Закатала бинт, отложила в аккуратную стопку. Взялась за другой. За этим нехитрым делом я позабыла даже и о немцах, и о незваном госте с плюшевой бородкой. Катаем бинты и обсуждаем дела, будто на утренней врачебной летучке. У меня ведь не меньше проблем: на шестьдесят раненых один врач, две сестры, из которых одна хозяйка, а другая всего-навсего хирургическая няня… Вместо трех – единственный санитарный пост.

– Это тоже большой вопрос, – соглашается Мария Григорьевна. – Однако это дело обходимое. Я, может, вы слышали, вдовой за вдовца вышла. У него трое мальцов, у меня одна девчонка. Четверо. Двоих вместе народили – шестеро… Семья. Сам работал, и я работала. У нас так дело было налажено – старшие за младшими ходили, стирать, стряпать, штопать мне помогали. И вот всех подняла. Сейчас двое в пехоте, один летчик, а дочка санинструктор в санбате, все воюют, а младшие с дедом в эвакуации. Насчет людей, Вера Николаевна, не бойтесь, в большой семье один одному помогает. Ходячие вон и сейчас уголь носят, печки топят, столярничают, тетки, что покрепче, посуду моют, кухарят. У нас основной вопрос какой? Автоклав – в тазах много ли накипятишь?.. Все думаю: а ведь тут, под развалинами, где-то четыре лежат. Красавцы. Неужели ни один не уцелел? Вот все мечтаю: откопать бы да и к нашим печам приспособить. А?

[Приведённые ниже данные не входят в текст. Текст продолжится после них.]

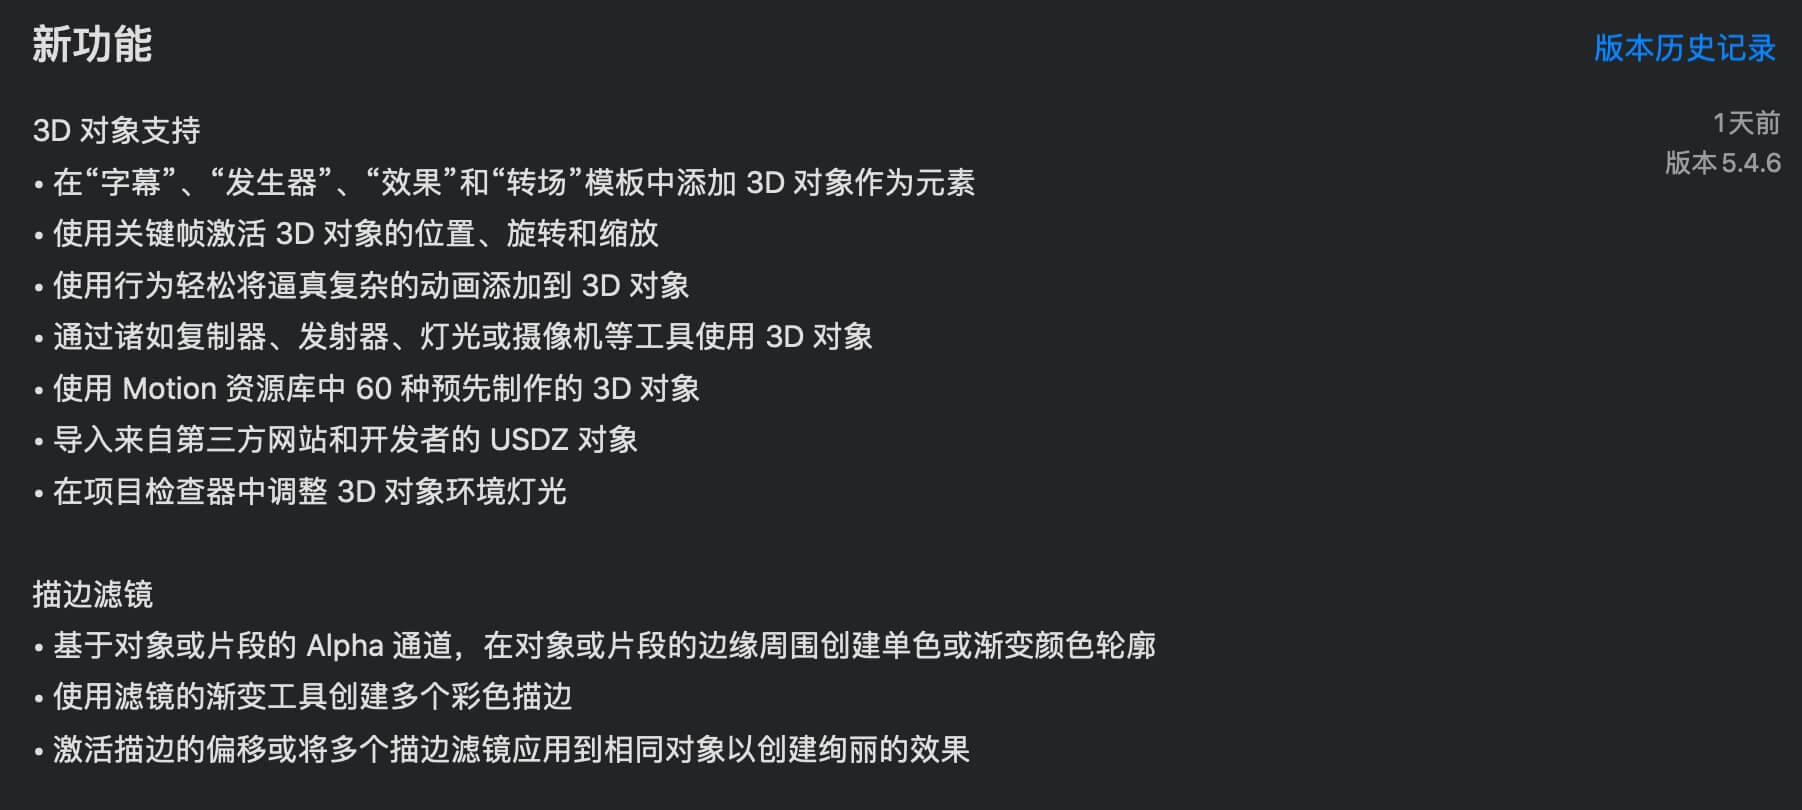 Apple Motion 5.4.6 破解版免费下载 中英文版 苹果视频剪辑软件

Она катает свой бинт, а я свой. Продукты, штаты, автоклав… Неужели она уже свыклась с тем, что город оккупирован?

– Вот вы давеча в палате сказали: «Немцы люди». Вы в это верите?

– Не звери ж. Были ж давеча… Я вот прикинула: какой расчет им нас обижать – хворые, калечные, к чему их убивать? Сами помрем. Однако, – собеседница понижает голос и вместе с бинтами приближается ко мне, – однако тех, кто командиры и политсостав, надобно нам остричь. Форму-то их, вы уж извините, Вера Николаевна, без вашего разрешения, пока вы Васятку оперировали, мы тут сожгли.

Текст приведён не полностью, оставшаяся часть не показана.